Sunday, March 29, 2015

Throwing and centering

"You center the clay by centering yourself."
The Spirit of Clay, Robert Piepenburg


Inhale. Acknowledge the tension you've accumulated from a stressful day.  Let go of the breath. Let go of the tension.  Inhale. Make contact with the spinning clay. Lean in. Focus. Exhale. Center. 
Teardrop vessel.  Wheel thrown,
carved and soda fired.
Throwing take a series of slow and deliberate actions. Clay can't be rushed. It doesn't like being rushed. When you do something the clay doesn't like, it'll let you know. Usually in some catastrophic way.

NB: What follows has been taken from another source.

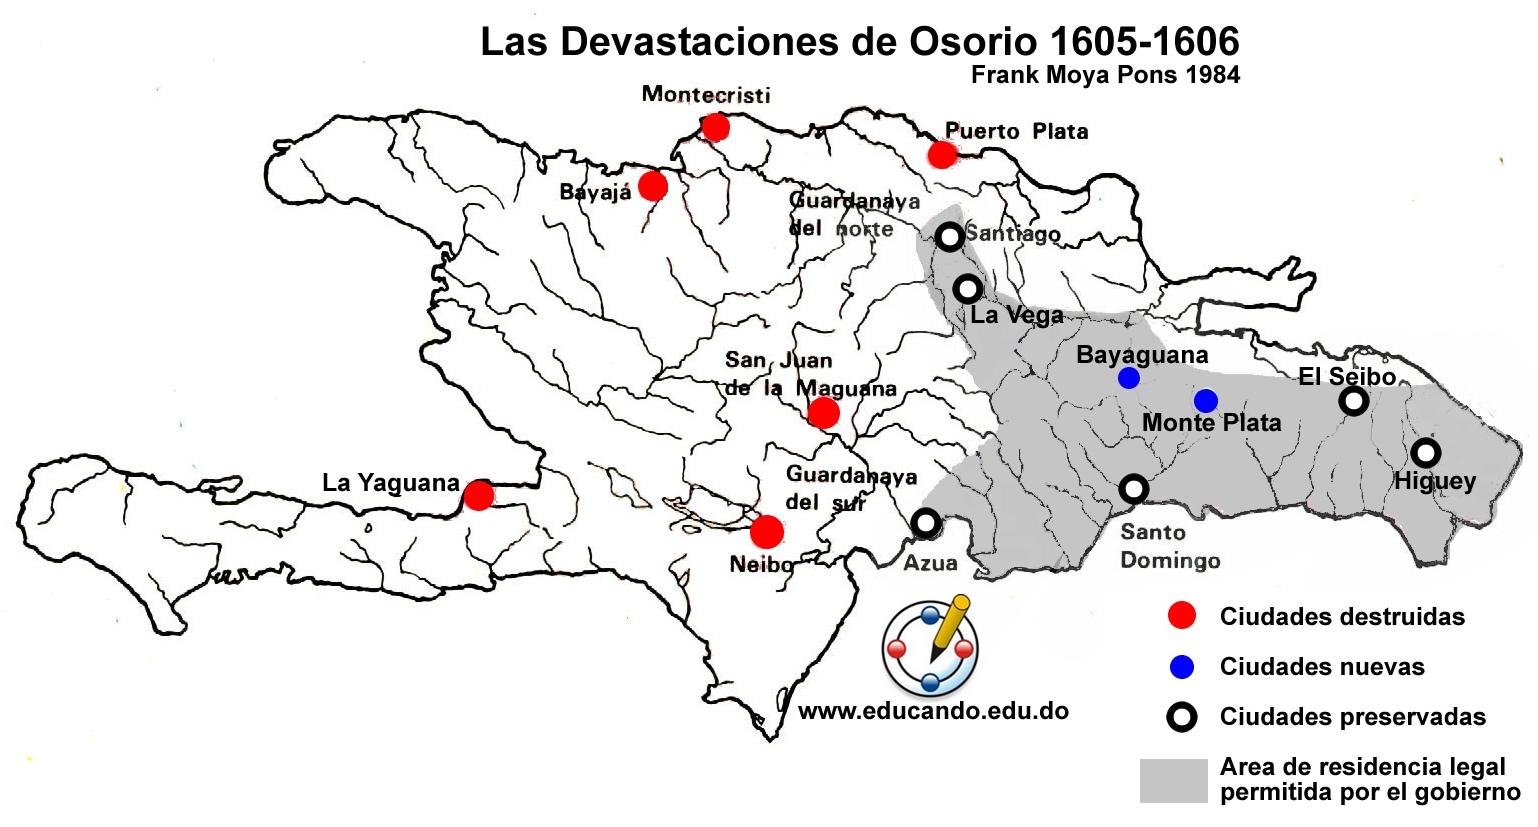 14_devastacionesdeOsorio1605_1606_educando.jpg

Inhale. Open the clay. Exhale. slow down the wheel. Raise the wall. Feel the rhythm of the wheel. Visualize the shape. Focus.  Move slowly in rhythm with the clay. Check your energy. Stay centered. Be aware of yourself. 

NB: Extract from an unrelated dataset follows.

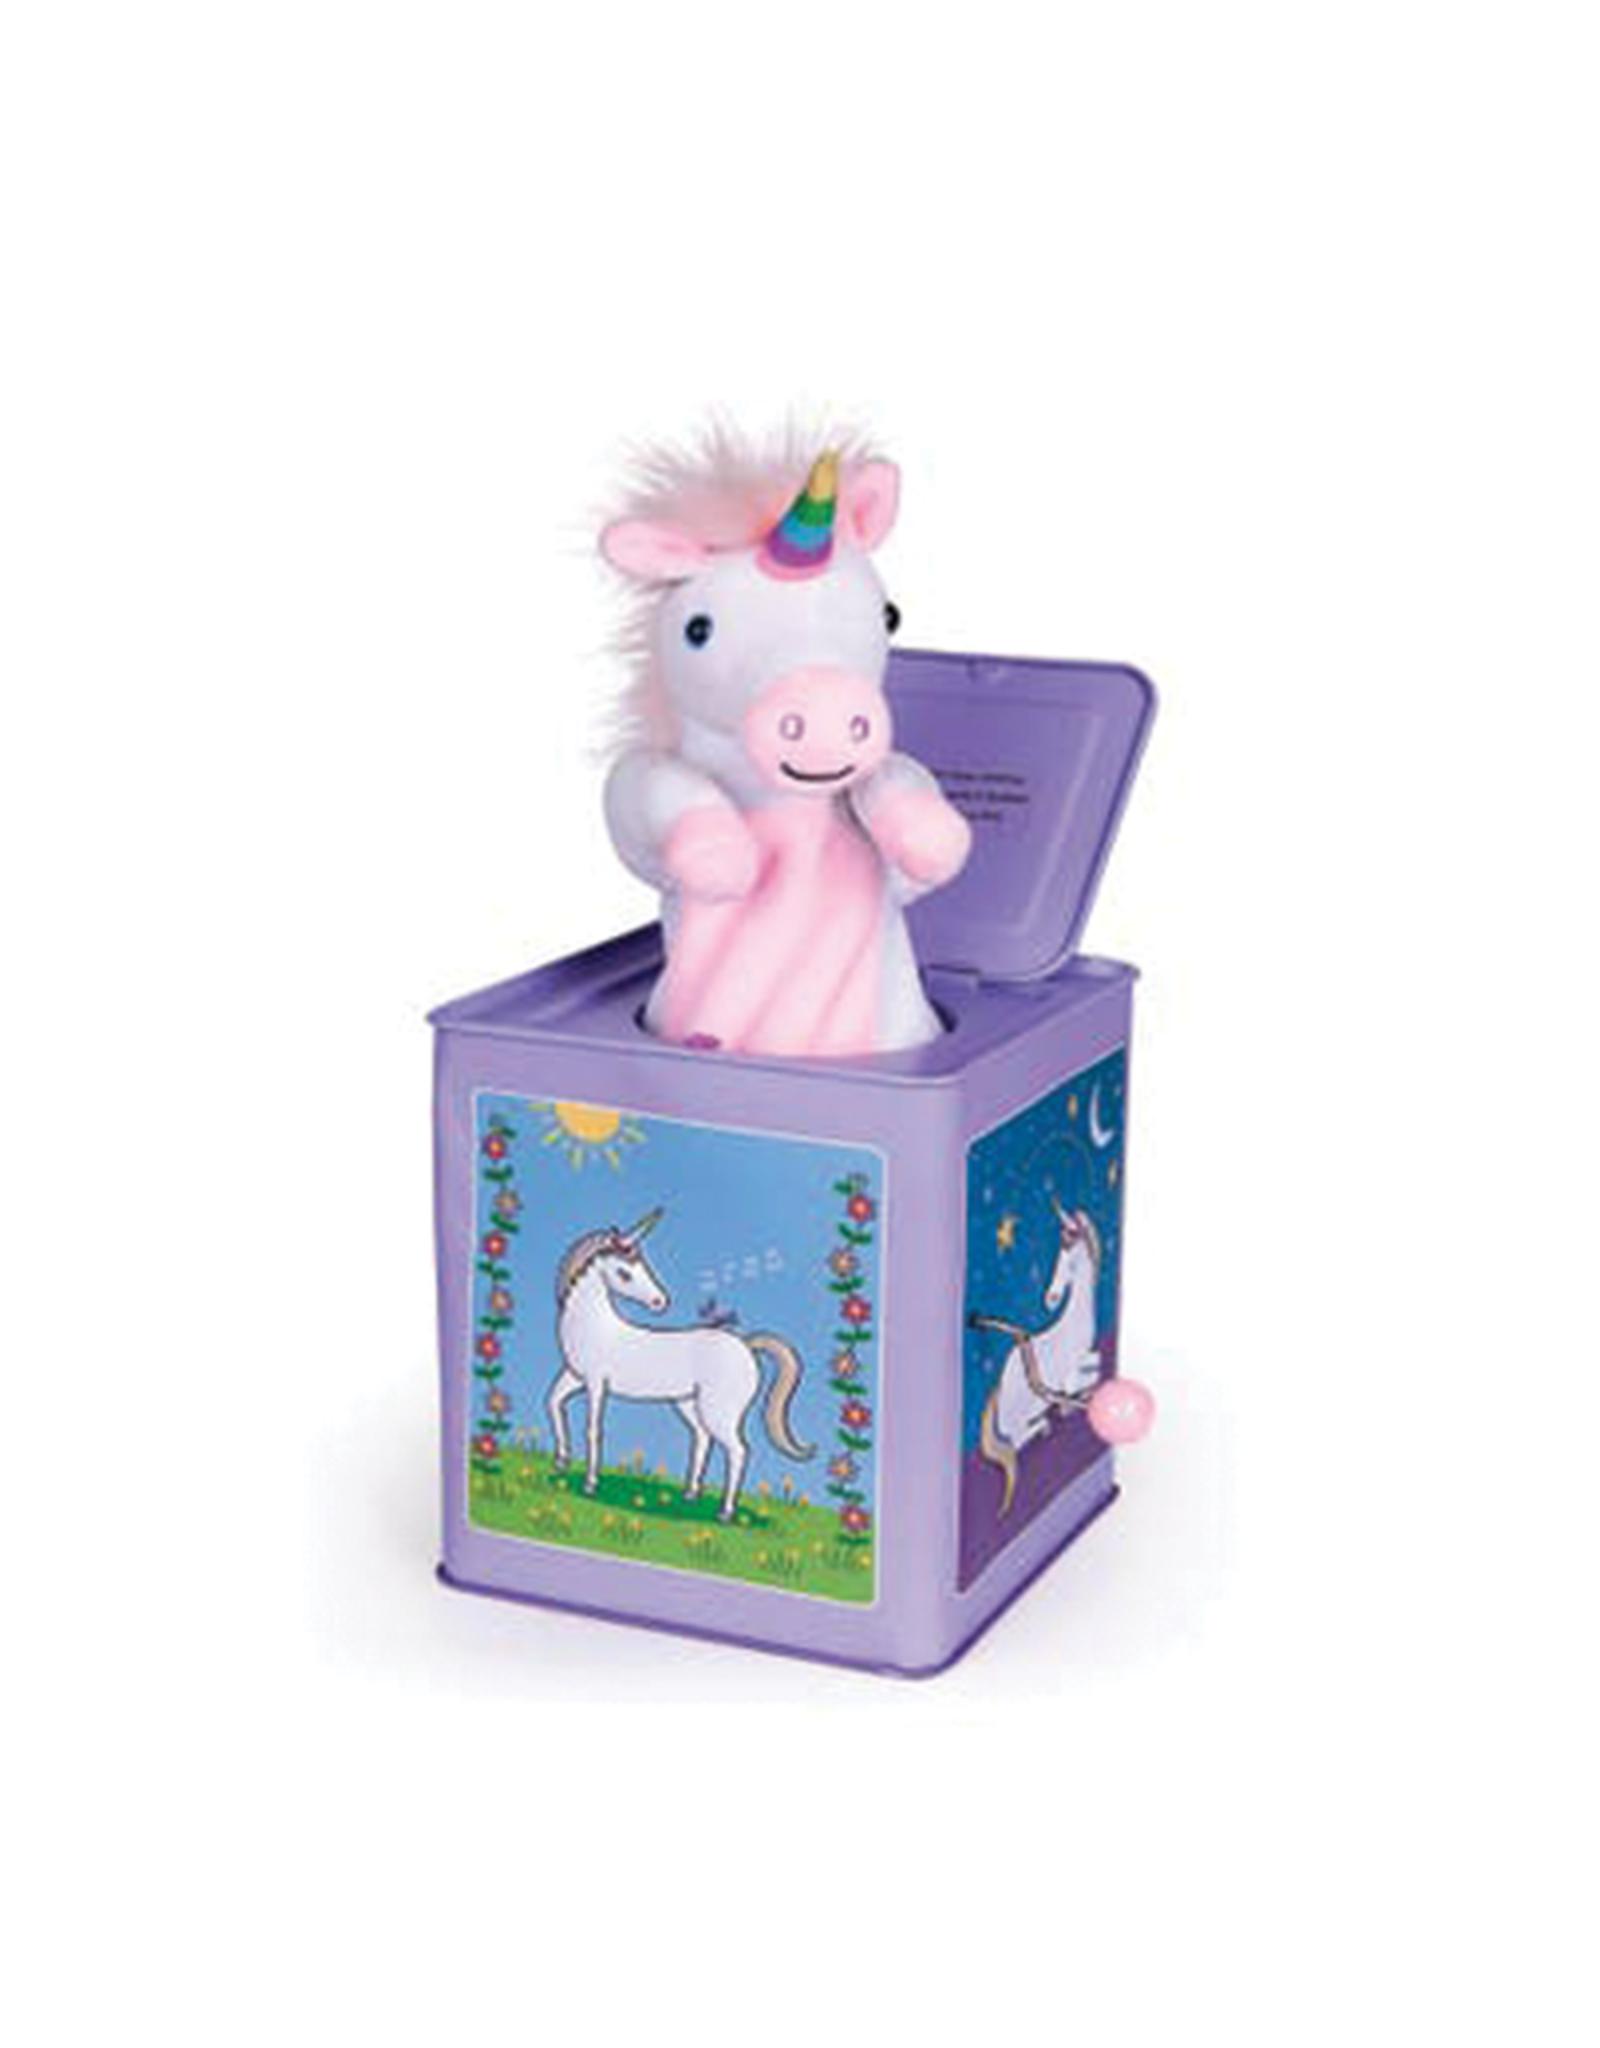 Jack Rabbit Creations Unicorn Jack-in-the-Box

When you approach the clay, slow and deliberate actions become automatic. Checking your energy also becomes automatic. If you approach the clay with anything other than calm, your rushed actions will cause a will cause the clay to become off centered and your pots may fail. 


Never at any point do you allow yourself to do anything that strays from being centered, purposeful, and deliberate. When you stop paying attention, your work will go awry. This is a habit the clay has taught me. In many ways this is what drew me to clay. In my youth, centeredness was something that I always valued, and centering myself was something that I did to an extent but not very well. The clay helped me to hone that. Now I check my energy during the day, ensuring that my actions are purposeful and deliberate. I watch, assess, and address what's in front of me slowly and thoughtfully. 

Saturday, March 14, 2015

Creating

Creating means seeing the vision of what you want in your head long enough to make it real.  It means problem solving your way through the limitations of your media and pushing the limits of your own skills and abilities. 
Bottle.  Slip textured and soda fired.



This is the same process we use to deliberately create and recreate ourselves.  We hold in our head the vision of the person we want to be, becoming hyper-aware of our habits  and our ways of thinking, then retraining ourselves to suit our vision.  We problem solve our way through this retraining process as we think our way beyond our perceived physical, emotional, and spiritual limitations, and allowing our personal perspective to evolve. We identify the untruths we tell ourselves which defend our current realities so we can adopt the truths that will nurture us and make us whole. 

I realize the process is simply stated and does not capture the large amount of spiritual energy it takes to create, but this is part of our life's journey. It is part of the process in evolving into higher spiritual beings. From personal experience, I can say the continuing journey is not only amazingly rewarding, but as with all things, the more you practice the process, the easier it becomes. 

Socrates said the un-examined life is not worth living.  I would like to add that the un-evolved spirit dooms one to a personal hell

Sunday, March 1, 2015

My Second Job

Large Vase.  Approx 22" tall
When I was getting my teaching certificate at Chicago State University, Alain Gavin told me when you're trying to make a name for yourself in art it's really like having two jobs. Your first job, your bread and butter job, allows you to eat and pay your rent. Your second job is your art. He said the hard part is when you come home tired from your first job, you have to have enough discipline to go to your second job.  I've talked to many artists and this seems to be the common experience.

I love the summer because my bread and butter job is on the back burner and I can concentrate on doing artwork. Right now is art fair planning season and I can't help but to look forward to warmer days and art fairs. I will kick off the summer with the Park Ridge Art Fair.  In the meantime, while I'm waiting for the thaw, I'm making work that takes forever to do- the type of creative nonfunctional work that pushes my skill and my knowledge of my media.